На основании сказанного, нам думается, гносеологию по ее предмету можно было бы вернее определить, как исследование факта и идеала познания. Этим указывается родовой признак гносеологии, ставящий ее в один класс с психологией и логикой. Но, как известно, правило всякого определения гласит: «definitio fit per genus proximum et differentiam specificam».. Genus proximum найден. Но в чем полагать differentiam specificam? Ведь факт познания исследует психология, а его идеал – логика. Не поделятся ли задачи гносеологии между логикой и психологией, так что на долю гносеологии то ничего и не останется?

Что подобный дележ вполне возможен, это доказывается примерами гносеологических исследований под именем «логики»: Кант назвал всю вторую часть «Критики чистого разума» тансцендентальной логикой; Тренделенбург изложил свою гносеологию в «Логических исследованиях»; Шуппе пишет и издает «Erkenntnisstheoretische Logik» и т.д. А в психологии отдел о познавательных процессах образует совершенно законную и весьма видную составную часть.

Протестовать против такого дележа, пожалуй, и не было бы надобности, если бы логика и психология могли при этом вполне и исчерпывающим образом разрешить все гносеологические задачи. Но чисто описательный и даже в известных случаях объяснительный интерес психологического исследования, не преследующего цели дать материал для оценки тех или иных познавательных актов, заставляет опасаться, что многие имеющие существенное значение для гносеологии вопросы совсем не будут затронуты. А нормативный интерес логики3 не простирается дальше приемов и форм научного мышления, из условий же и предположений последнего исследуются, в лучшем случае, лишь ближайшие4. Таким образом, от психологии гносеология отличается своим нормативным характером, а от логики – тем, что исследует последние основания, самые отдаленные предположения познания. В этих двух отличиях мы и должны признать differentiam specificam гносеологии.

Итак, полным ее определением будет:

Гносеология есть исследование факта и идеала познания в его последних основаниях.

Гносеология, по этому определению, является союзом логики с психологией для вполне определенной, специальной цели – исследования «последних оснований и предположений» познания. Исследование это производится теми же самыми средствами и путями, какими работают и логика с психологией в своей отдельности. Но без указанной специфической цели, ни логика, ни психология могли бы такого исследования и не предпринять, да наверно и не предприняли бы.

С точки зрения этого определения решение вопроса о возможности метафизики получает в гносеологии свое законное место, но не захватывает всей гносеологии. Последняя перестает уже обслуживать метафизический интерес, а получает более общую и широкую сферу вопросов.

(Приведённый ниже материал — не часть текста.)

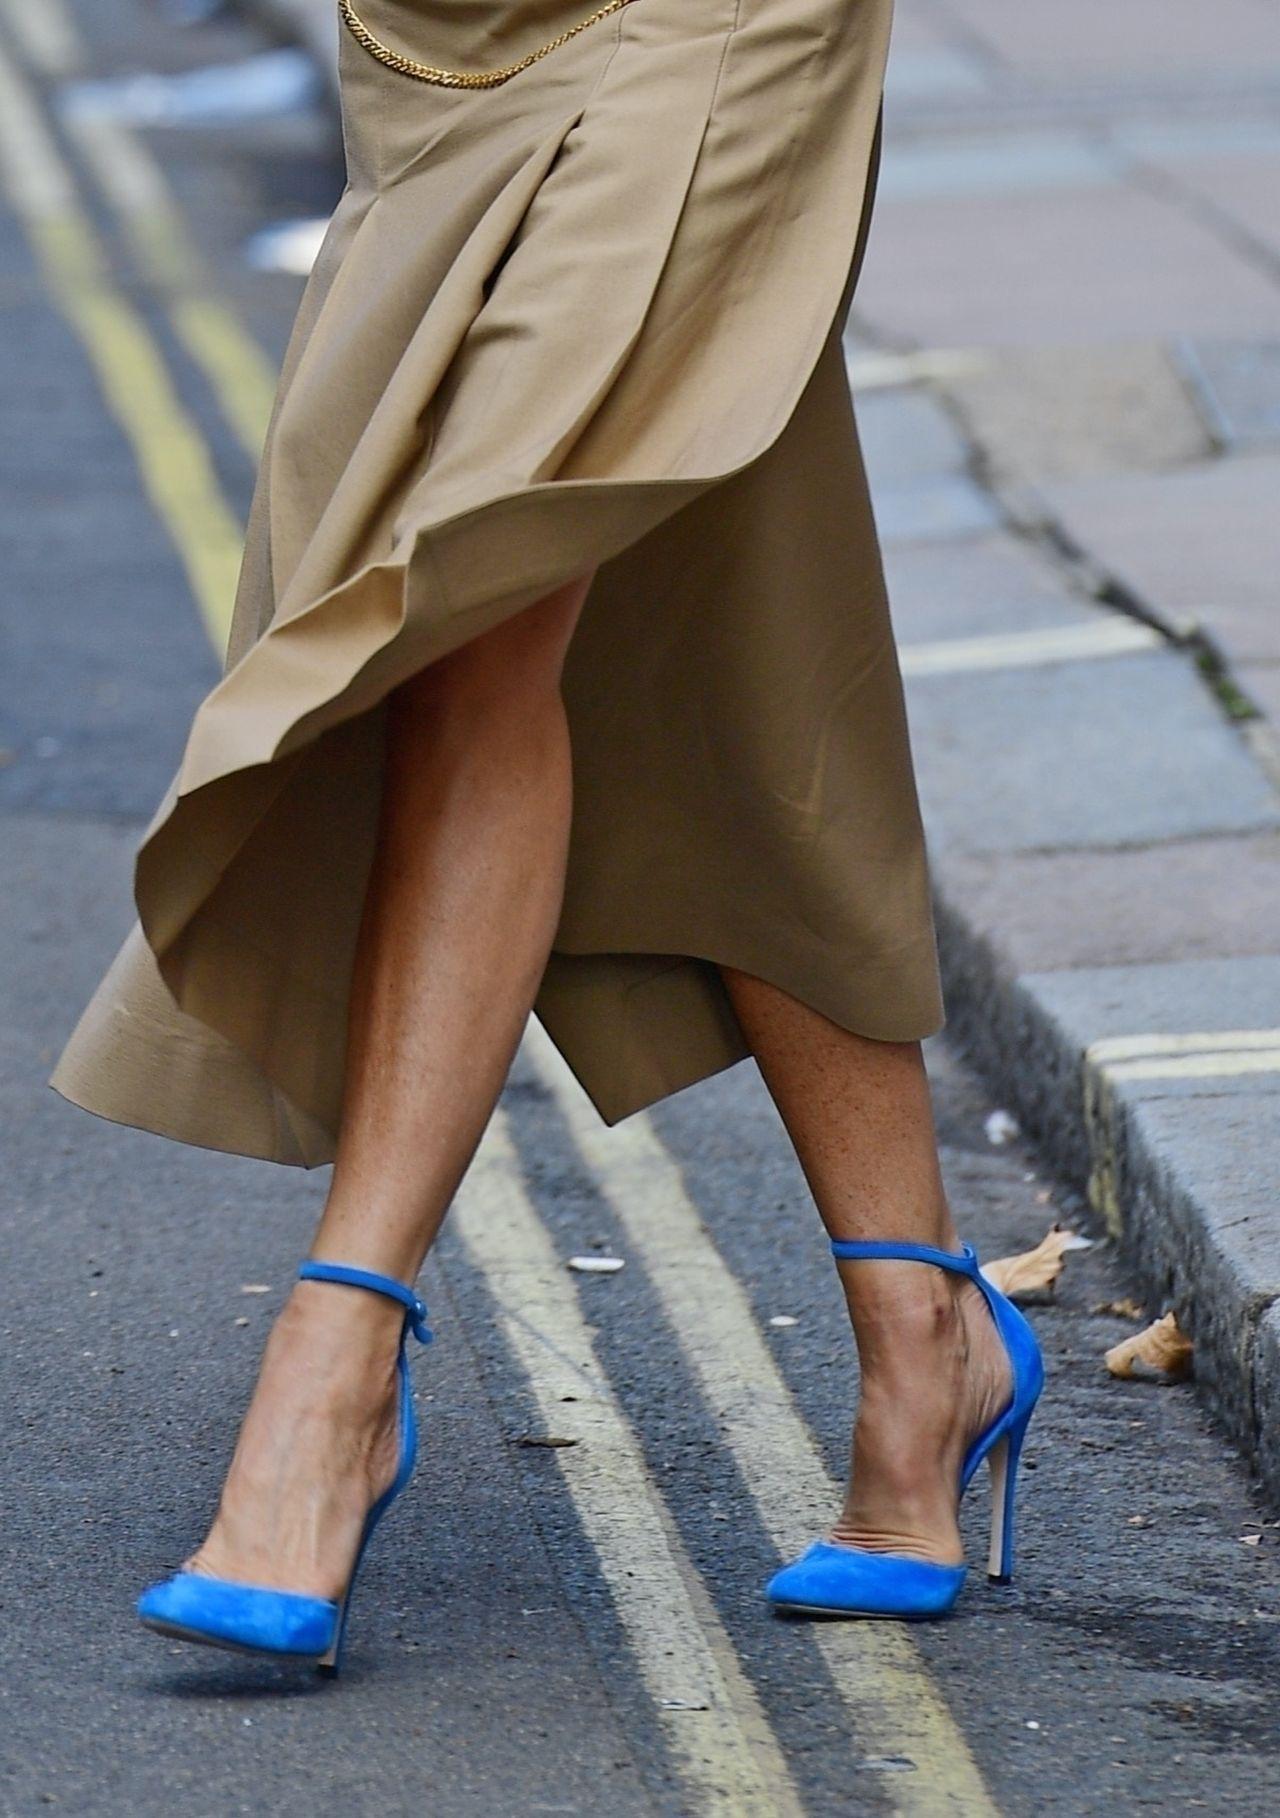 Victoria Beckham założyła niebieskie szpilki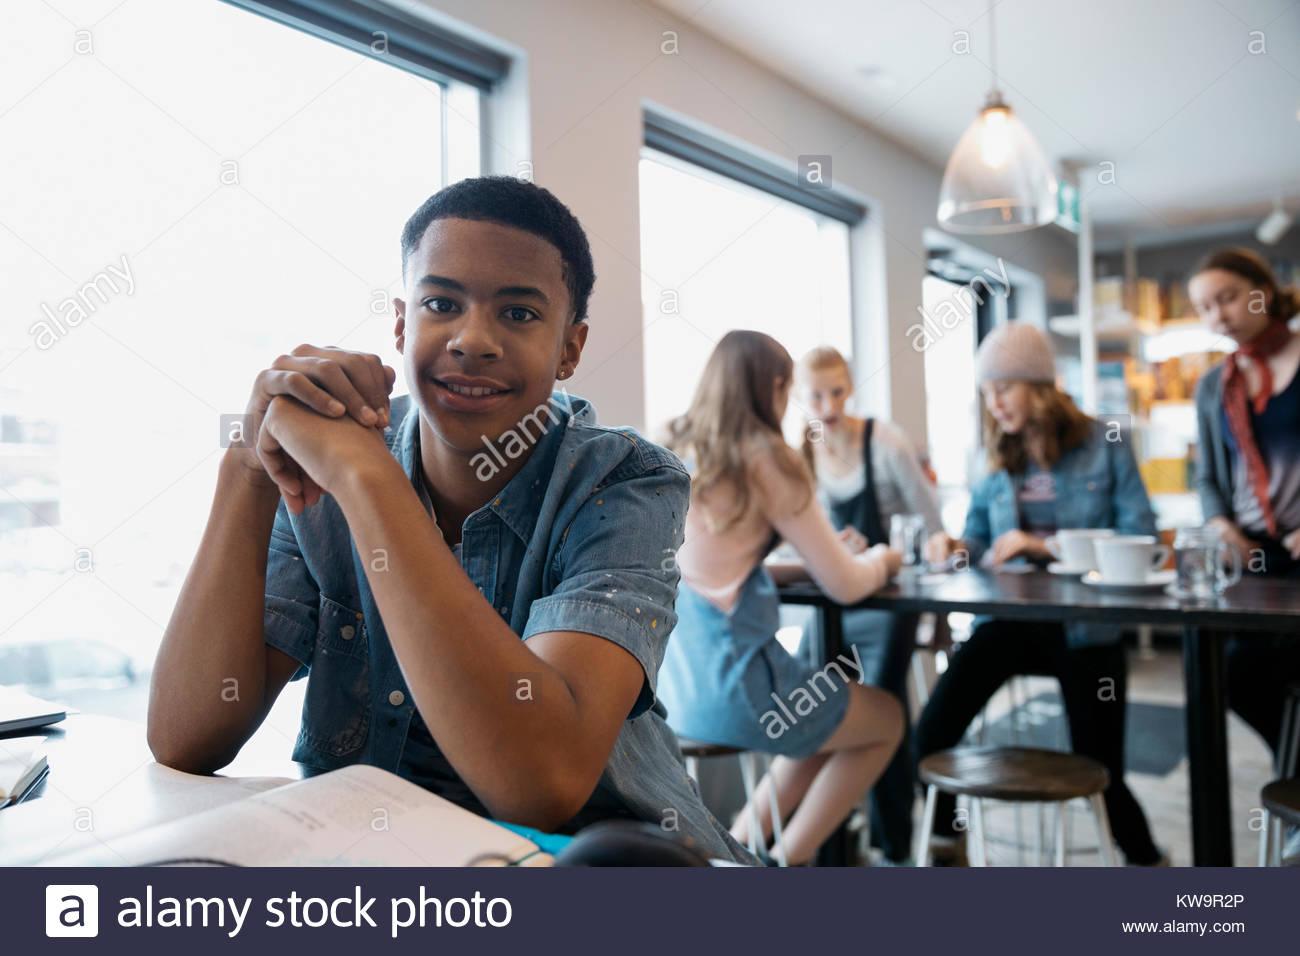 Retrato confianza high school americano africano joven estudiante en cafe Imagen De Stock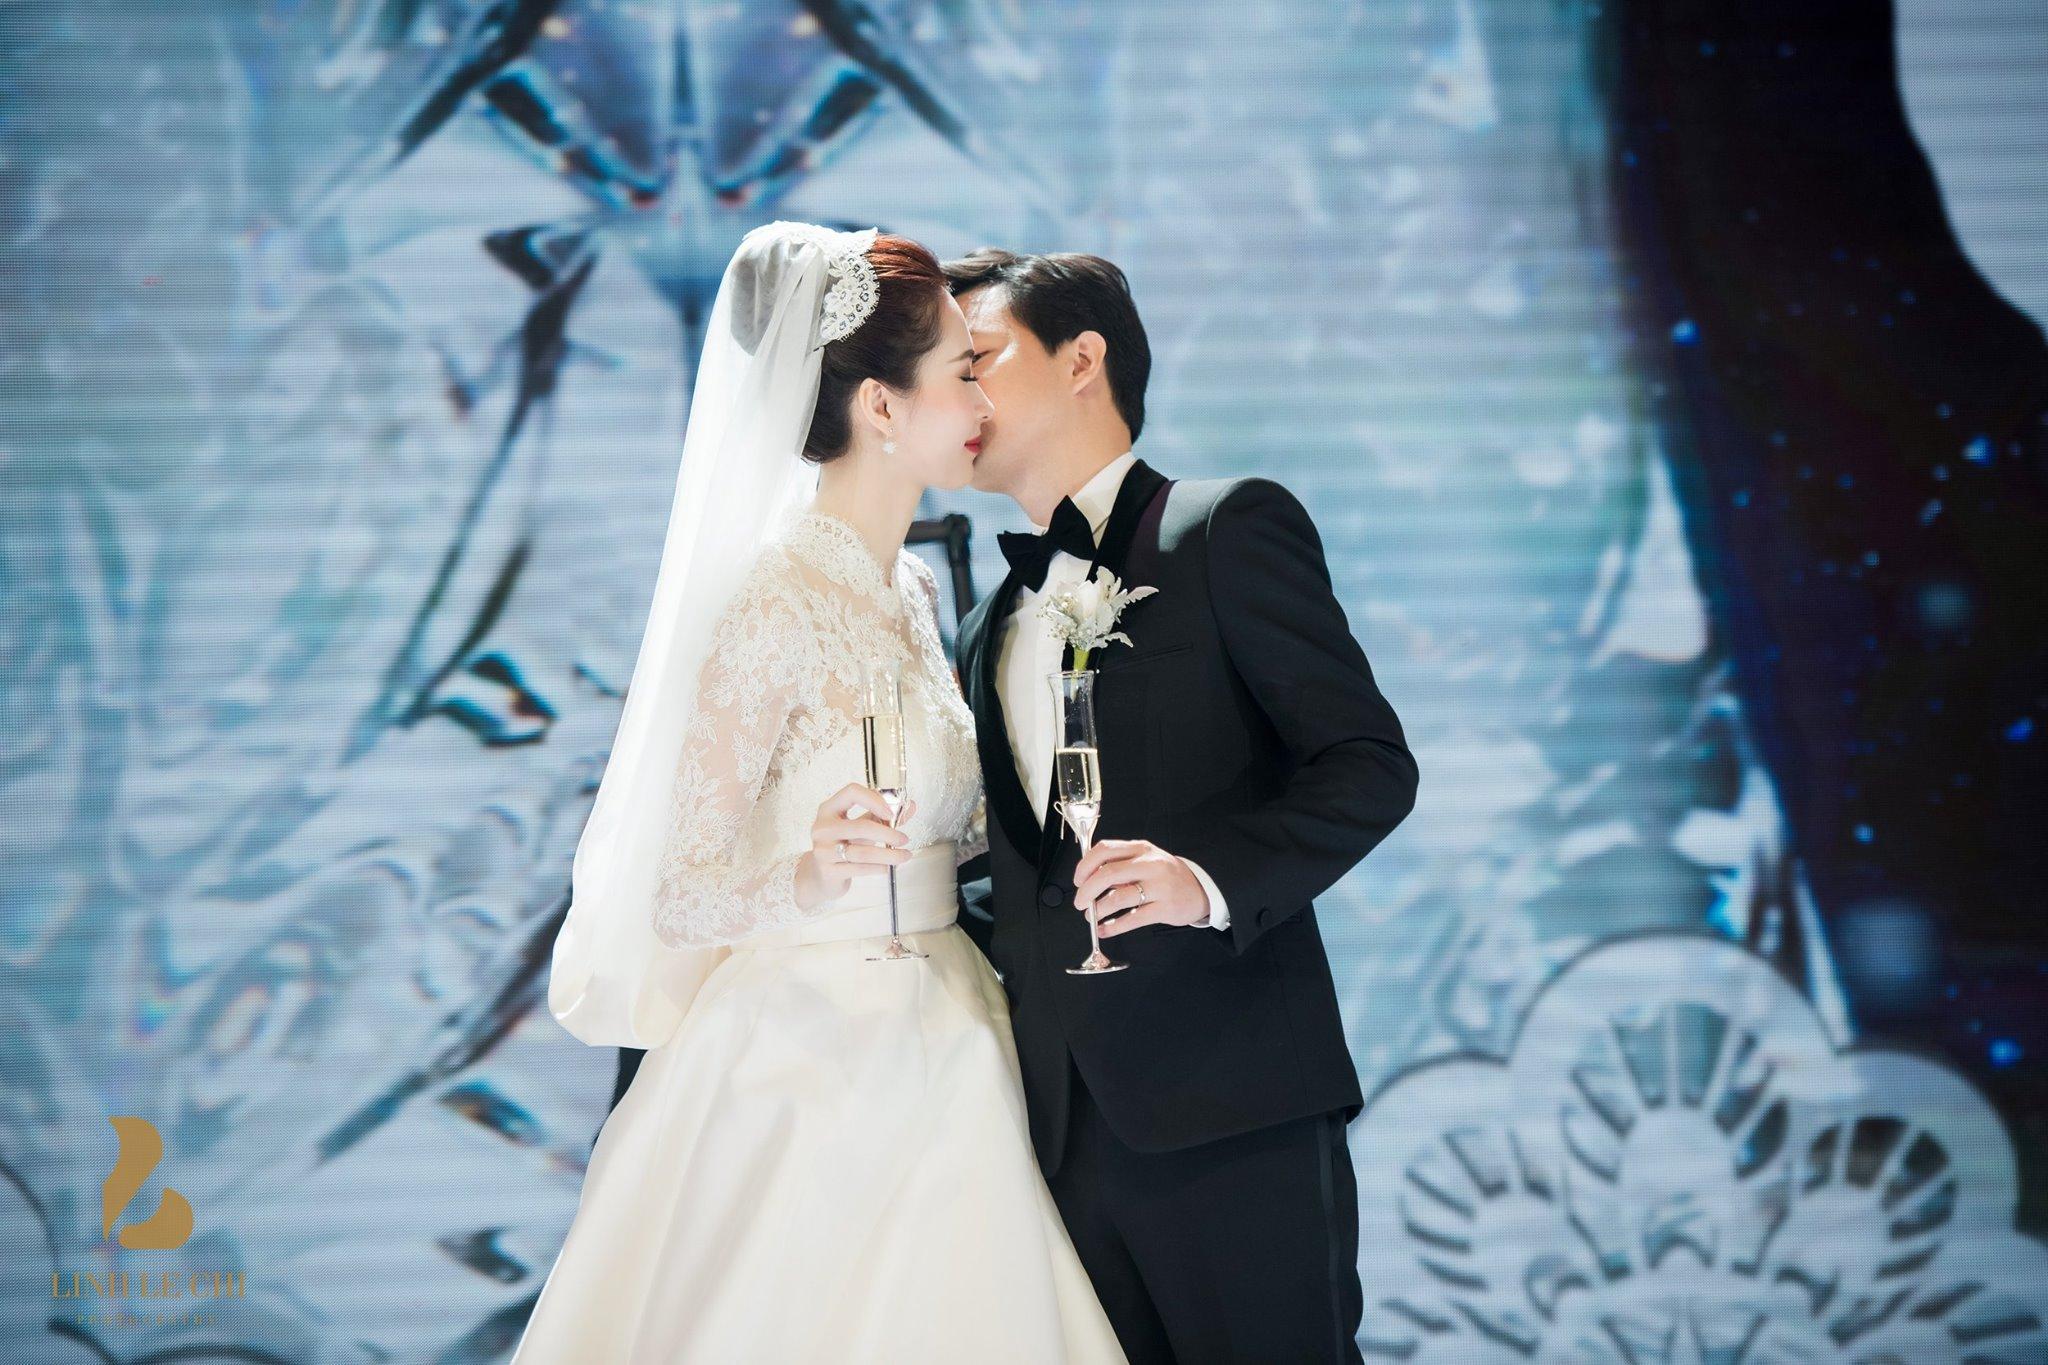 …hay nụ hôn nhẹ nhàng của vợ chồng Hoa hậu Đặng Thu Thảo…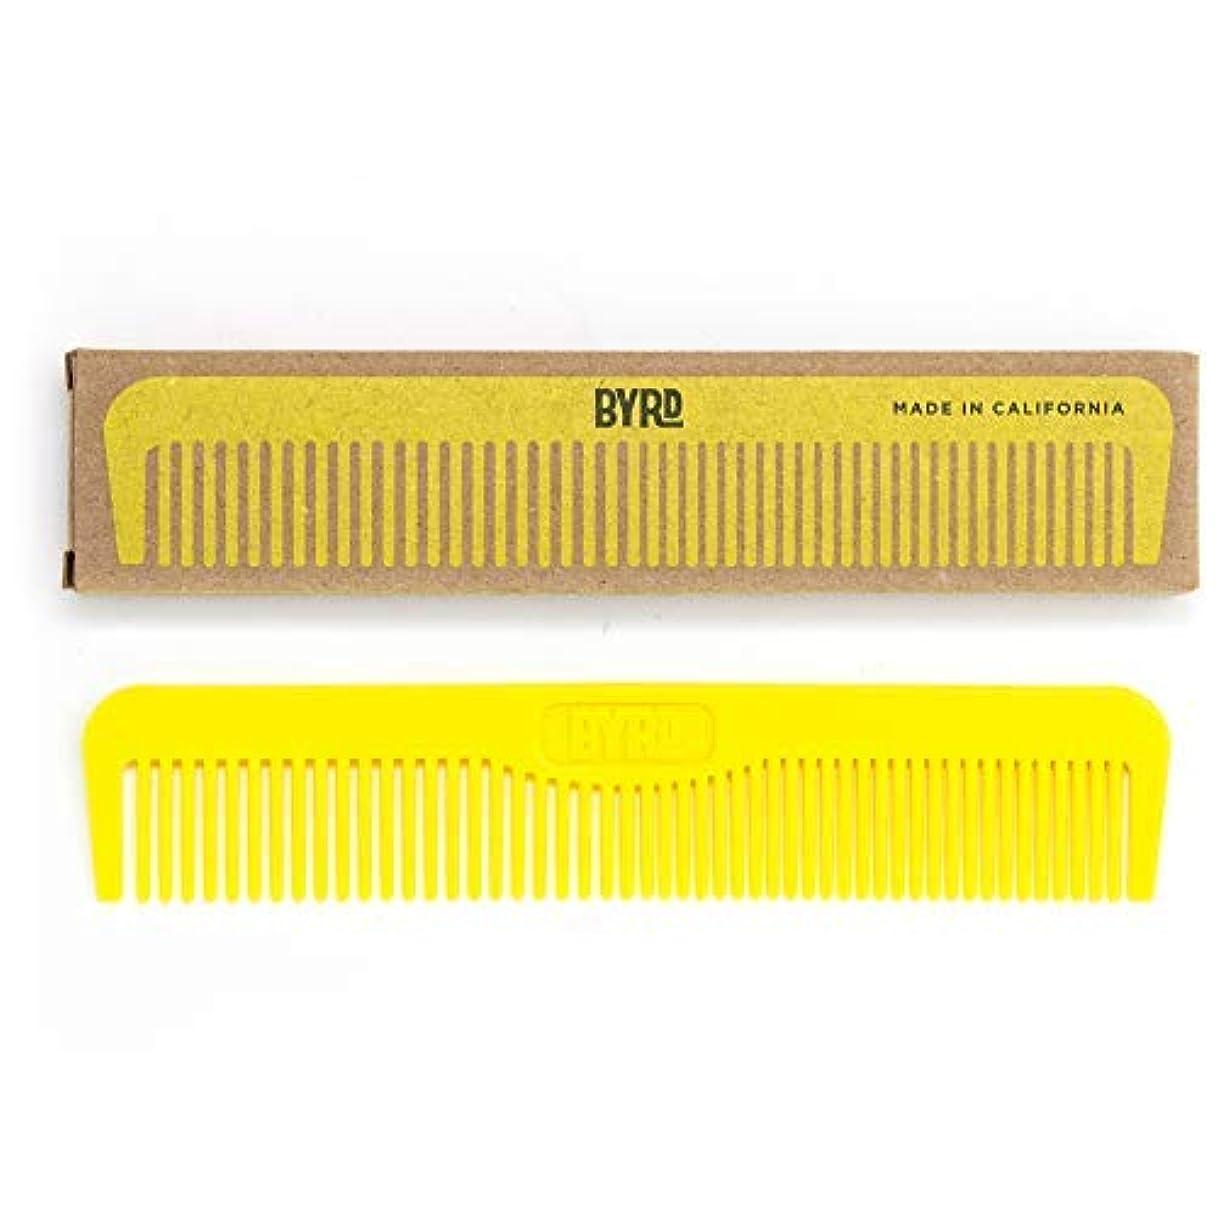 国歌ベッツィトロットウッド繁殖BYRD Pocket Comb - Durable, Flexible, Tangle Free, Styling Comb, For All Hair Types, Back Pocket Friendly [並行輸入品]

И те нужды специальных наук, о которых мы упоминали ранее (в начале этой главы), получают в ее пределах свое законное удовлетворение.

* * *

1

Из лекций, читанных в Московском Университете в течение осеннего семестра 1906 года.

2

Приведенное в этой главе резюме наших воззрений на положительные задачи философии можно читать также в статье нашей: «Гносеология Риля», – в «Вопросах философии и психологии», кн. 58, стр. 433–435.

3

В отличие от психологии, изучающей естественные законы мышления, логика изучает условия правильного мышления, или его нормативные законы.

4

В формальной логике они совсем не исследуются.


Источник: Тихомиров Павел Васильевич. Очерки по гносеологии: [Из лекций, читанных в Московском Университете] // Богословский вестник, 1 № 4 (1908) 14. 693–706 с.